▶ Exercise description: Below are records with pictures. Reproduce exactly the lines from the line with "Im Stil von" to the line with "Sitzhöhe. 16", inclusive, and leave each picture out.

▶ Supplied material:

^^^^^^^^^^^^^^^^

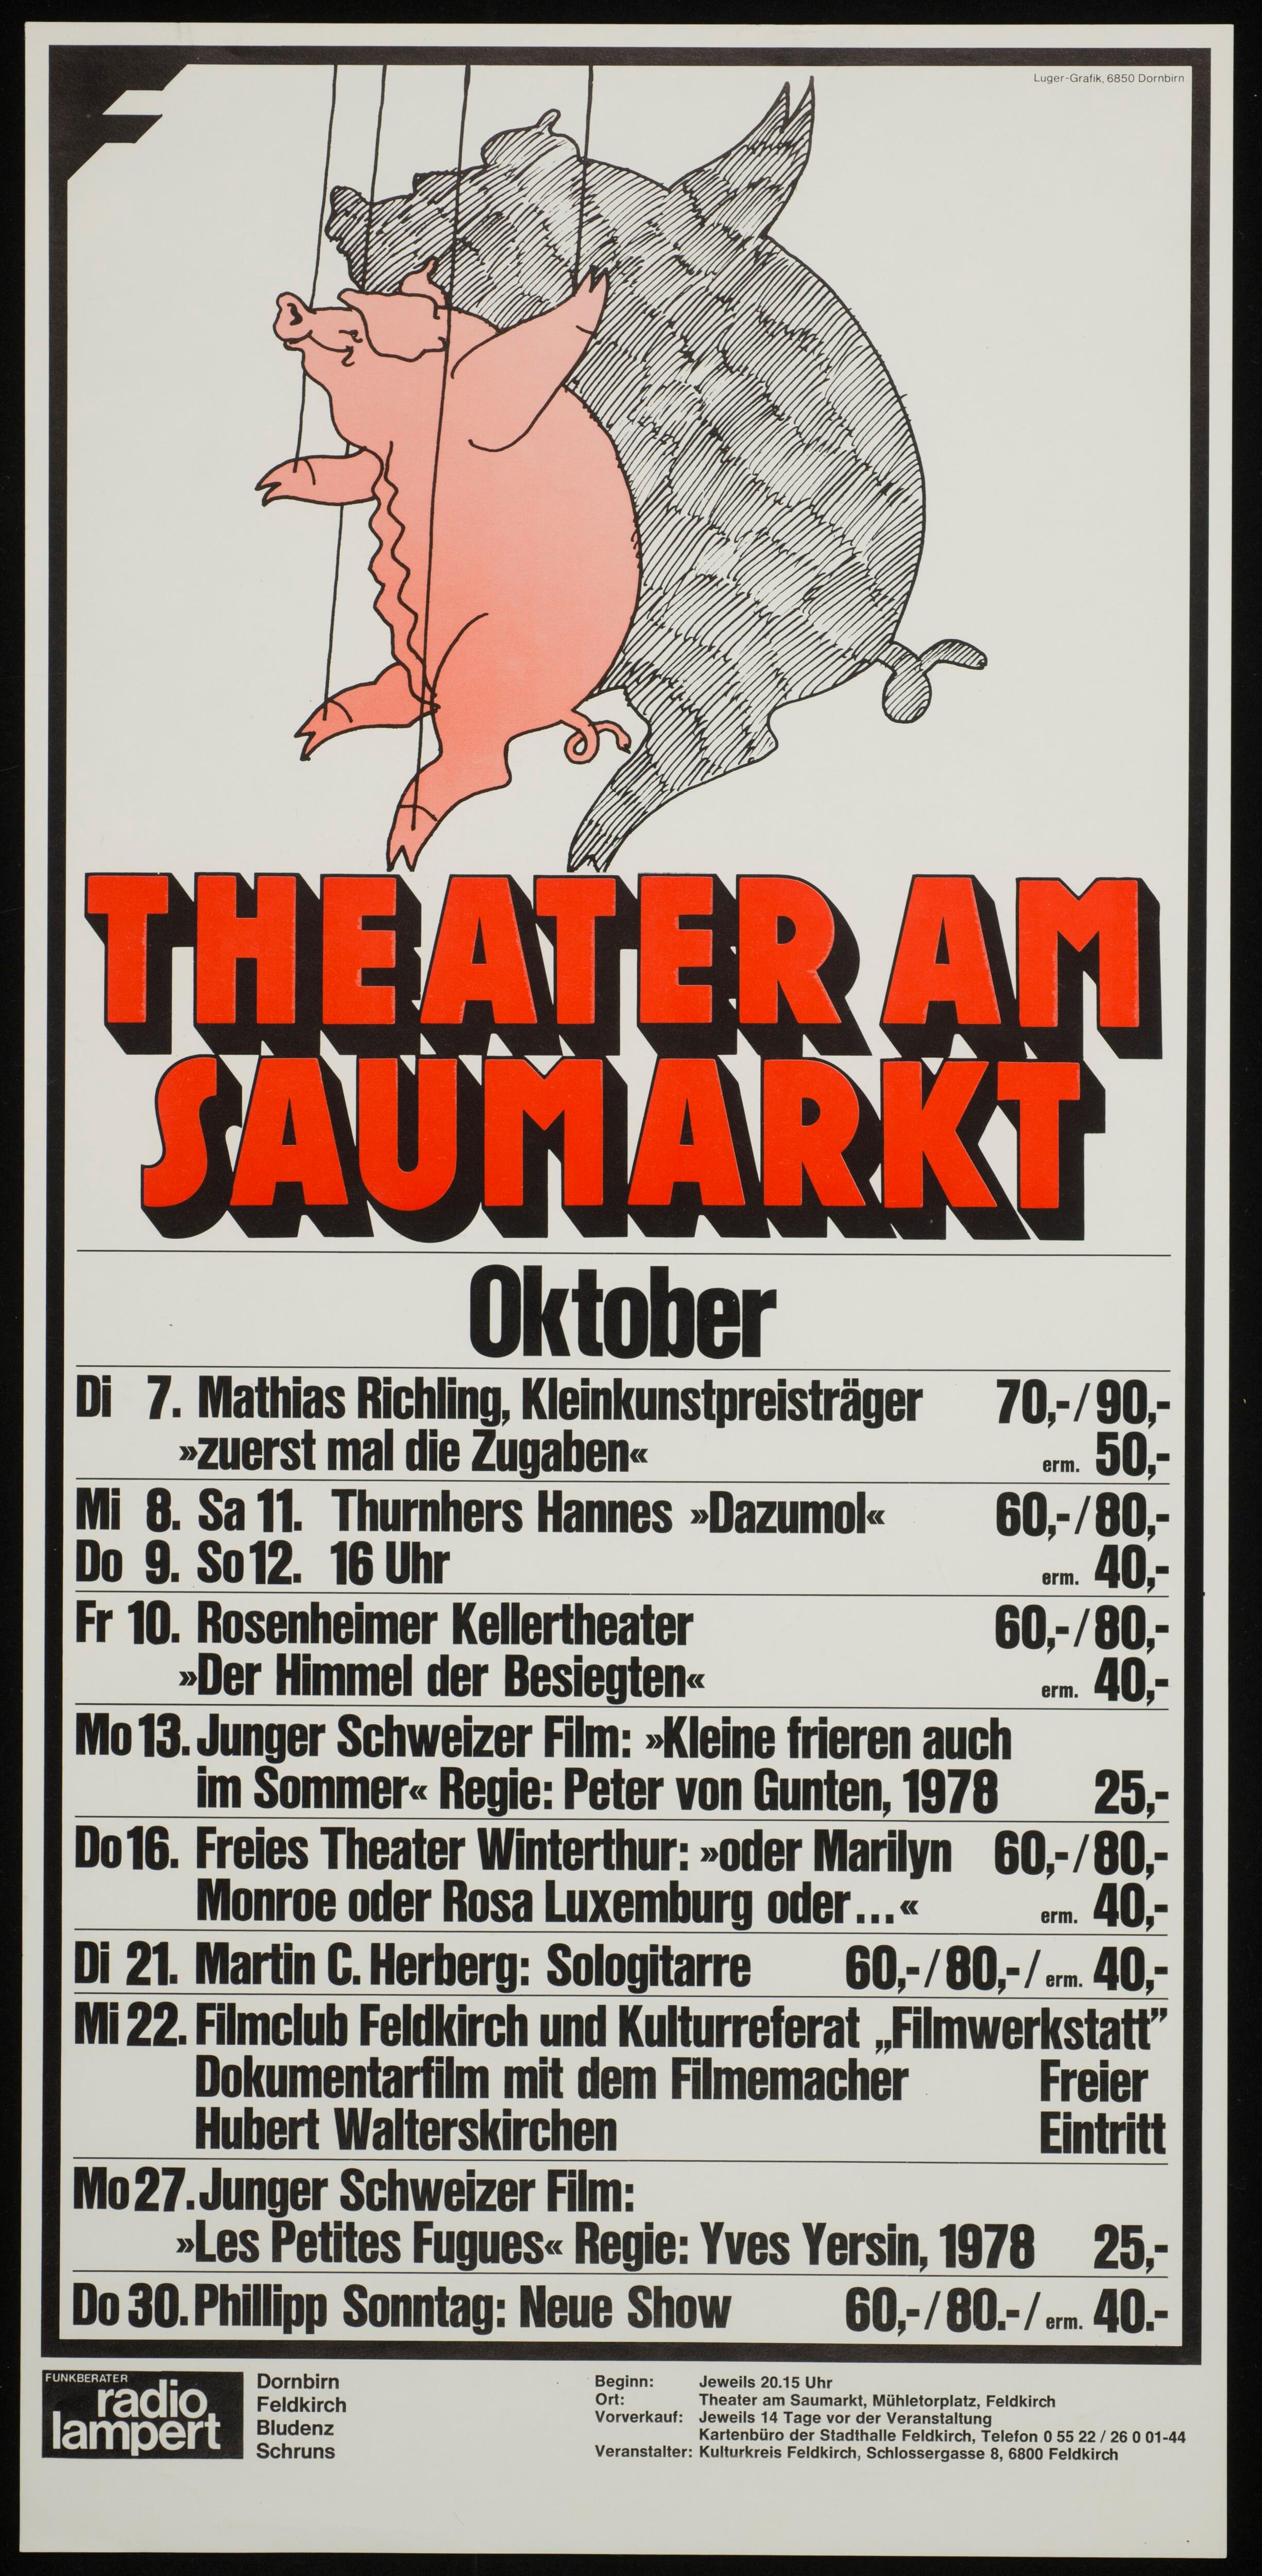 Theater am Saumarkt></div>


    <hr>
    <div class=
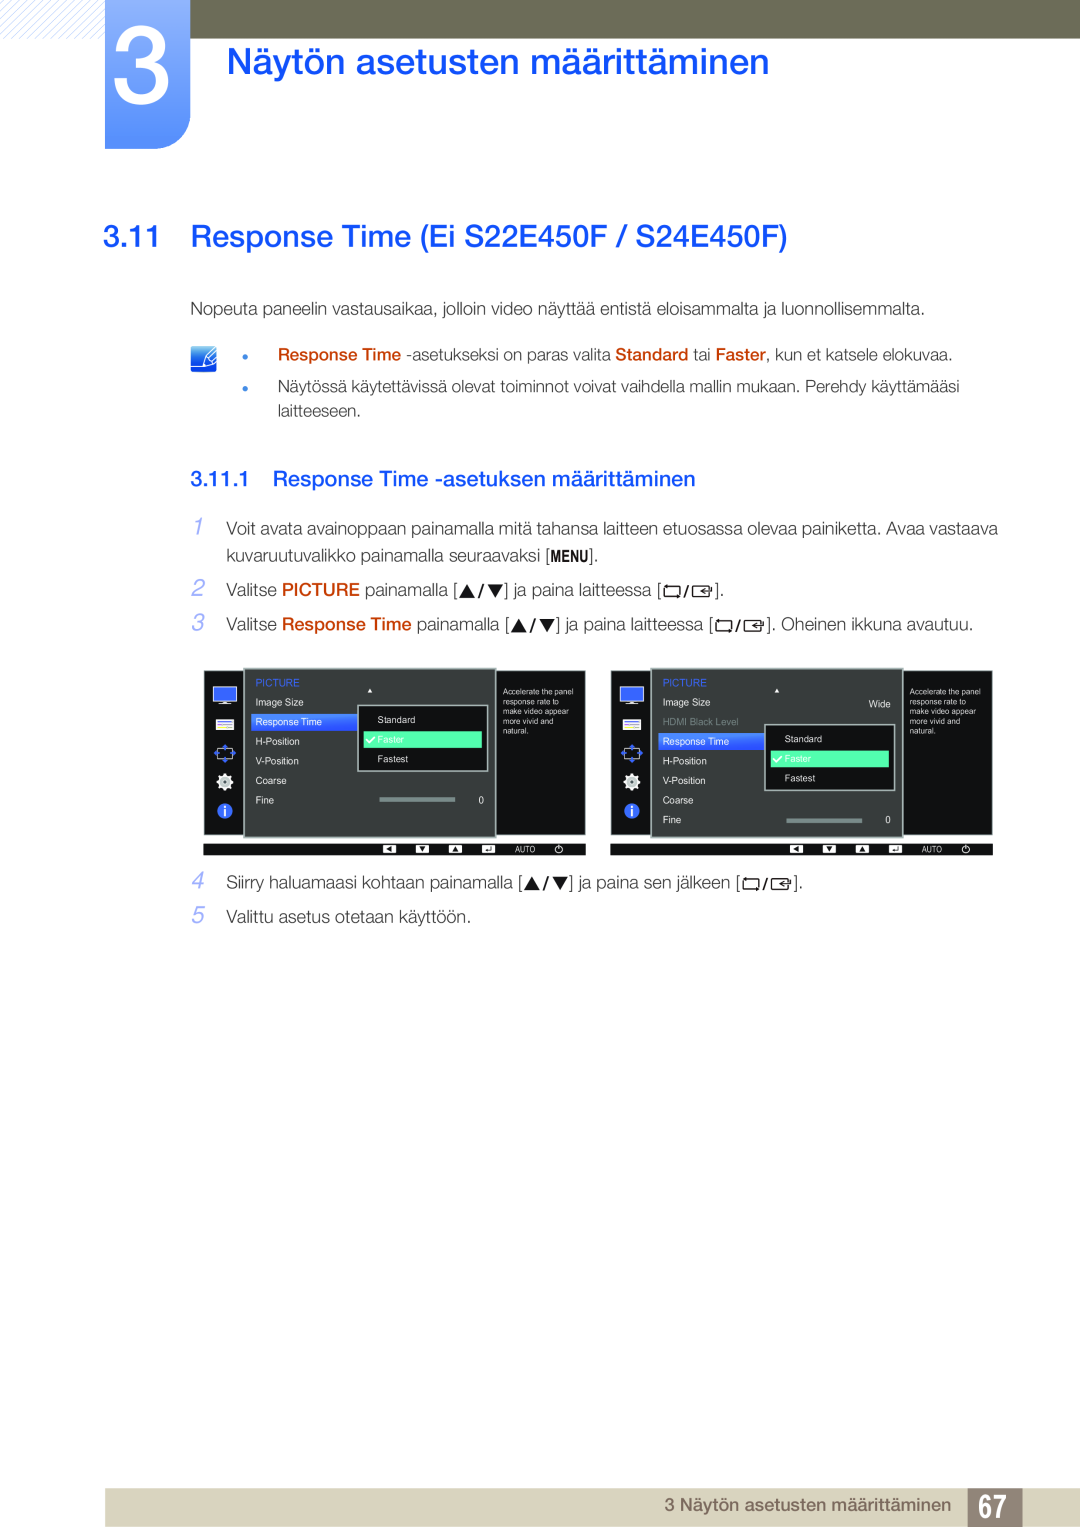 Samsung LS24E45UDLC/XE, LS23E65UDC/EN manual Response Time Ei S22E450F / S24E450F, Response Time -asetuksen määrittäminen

^^^^^^^^^^^^^^^^

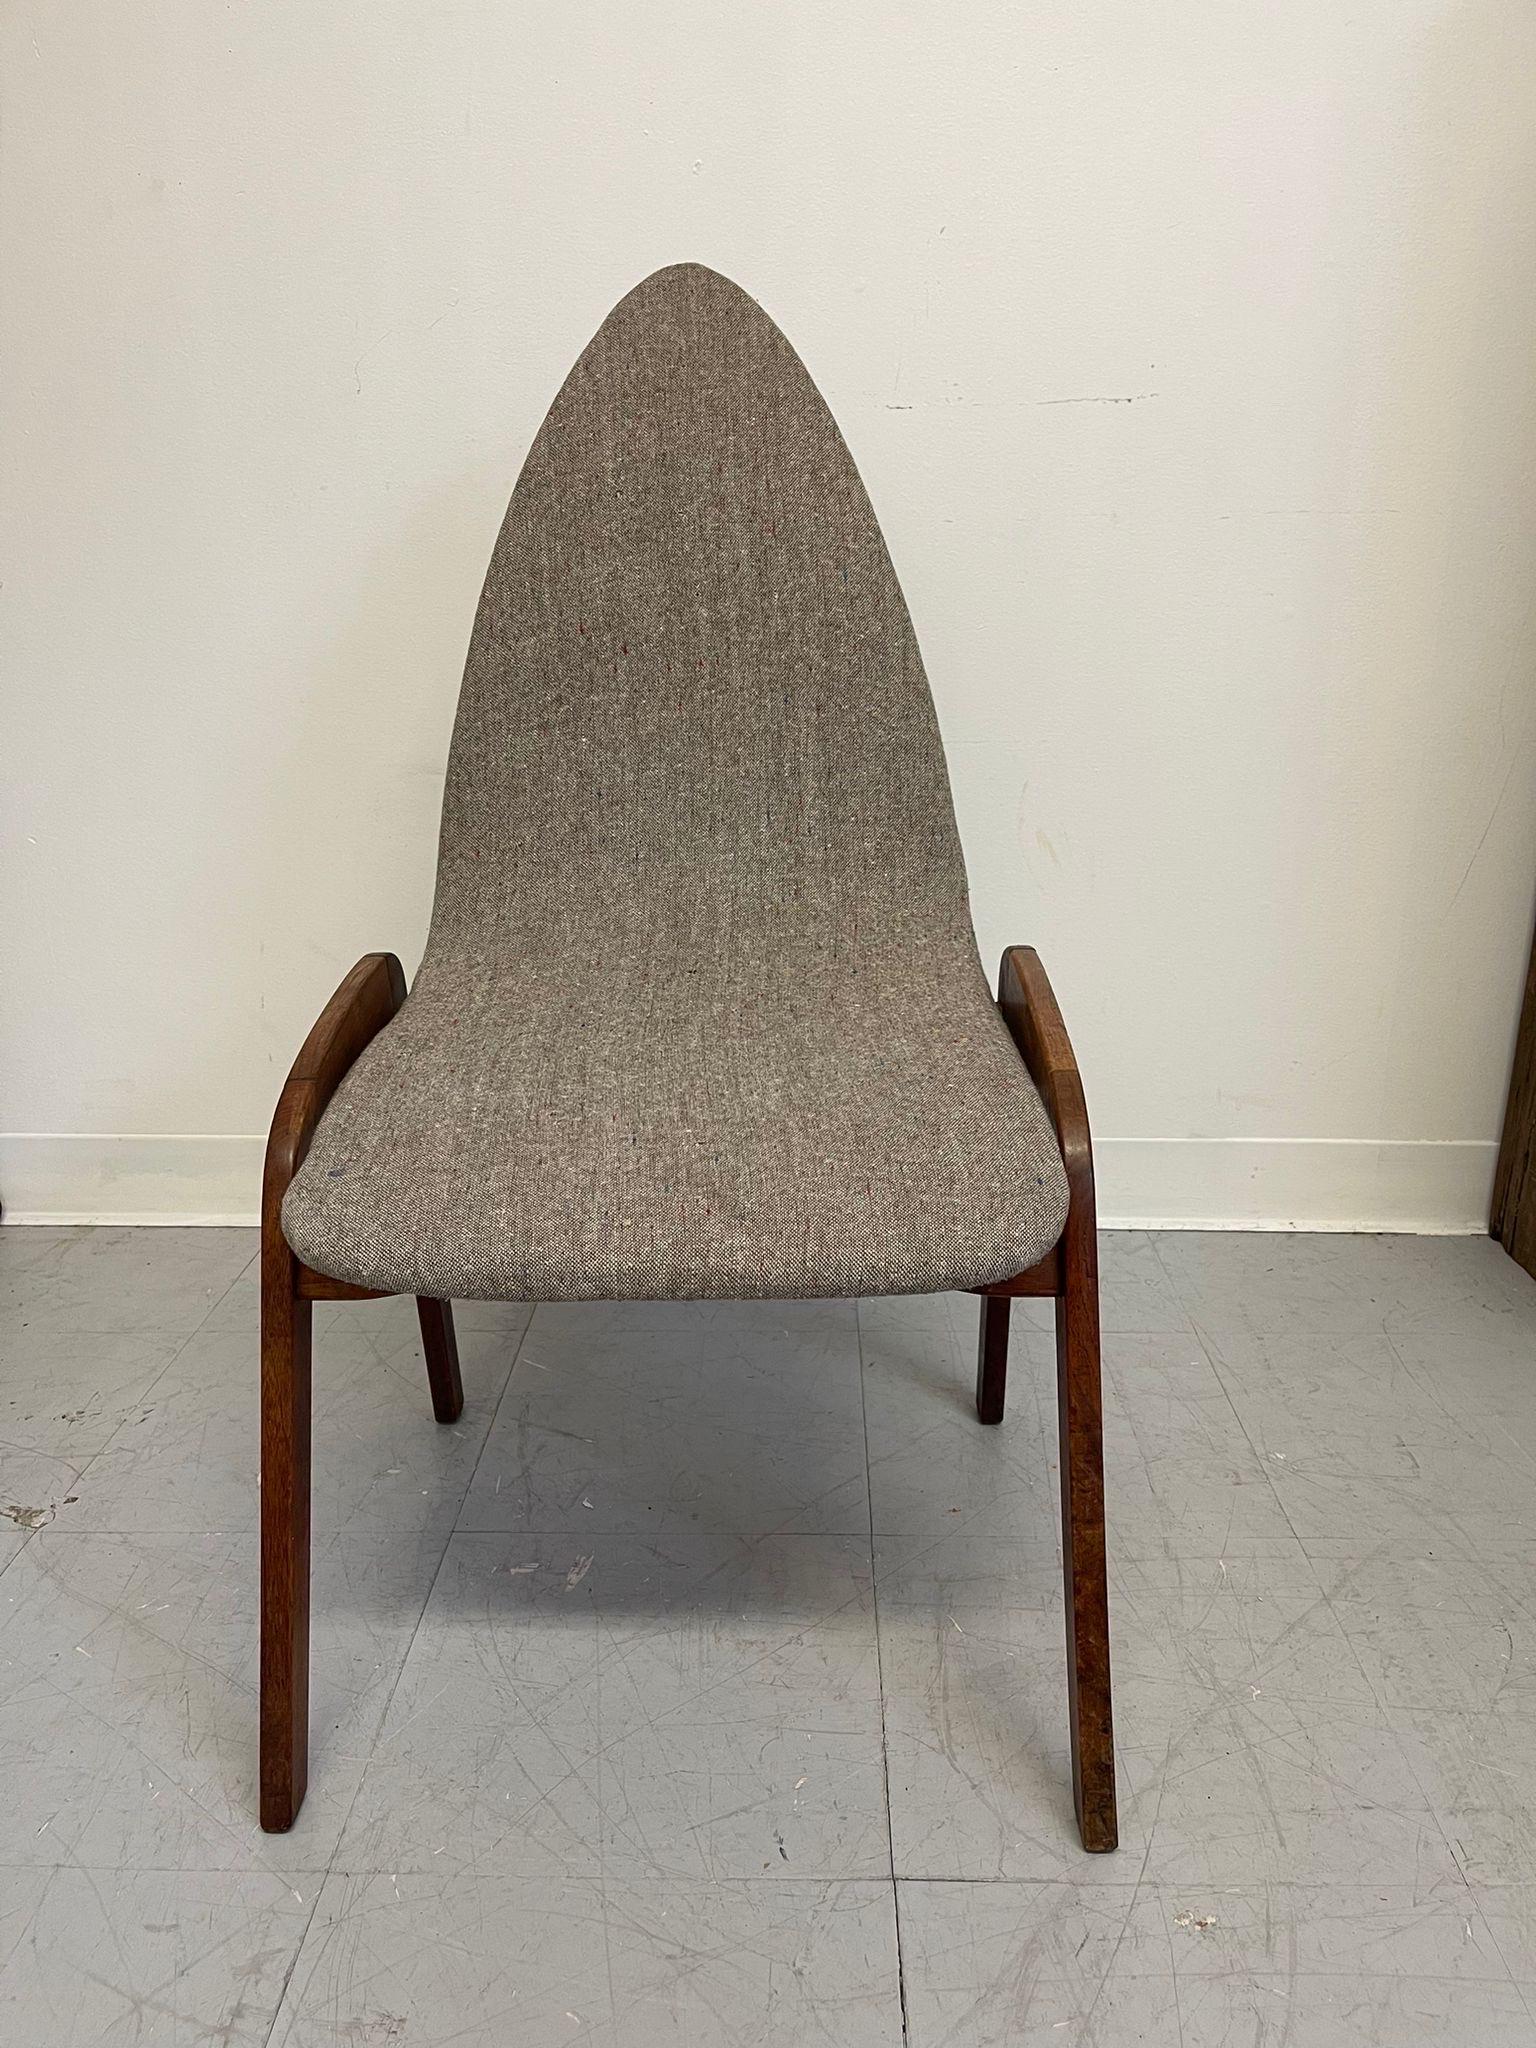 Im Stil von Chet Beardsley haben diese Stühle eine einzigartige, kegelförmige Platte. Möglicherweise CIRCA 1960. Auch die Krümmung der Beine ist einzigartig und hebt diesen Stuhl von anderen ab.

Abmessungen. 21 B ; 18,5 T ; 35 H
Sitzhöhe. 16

^^^^^^^^^^^^^^^^

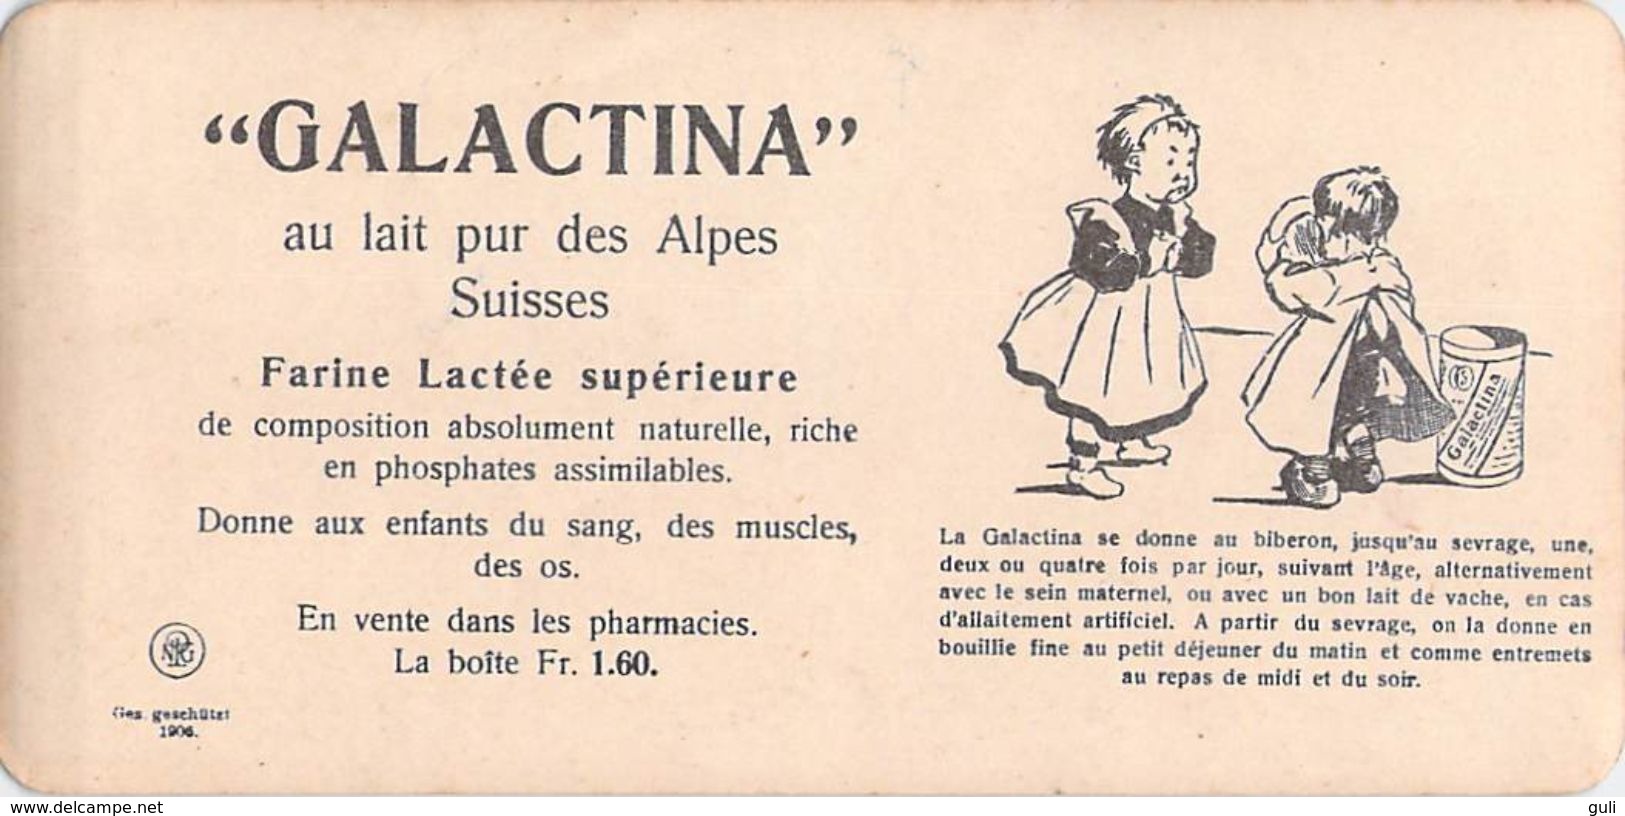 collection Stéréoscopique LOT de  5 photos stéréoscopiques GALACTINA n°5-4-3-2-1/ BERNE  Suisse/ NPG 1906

^^^^^^^^^^^^^^^^

▶ Answer to the problem:
 Im Stil von Chet Beardsley haben diese Stühle eine einzigartige, kegelförmige Platte. Möglicherweise CIRCA 1960. Auch die Krümmung der Beine ist einzigartig und hebt diesen Stuhl von anderen ab.

Abmessungen. 21 B ; 18,5 T ; 35 H
Sitzhöhe. 16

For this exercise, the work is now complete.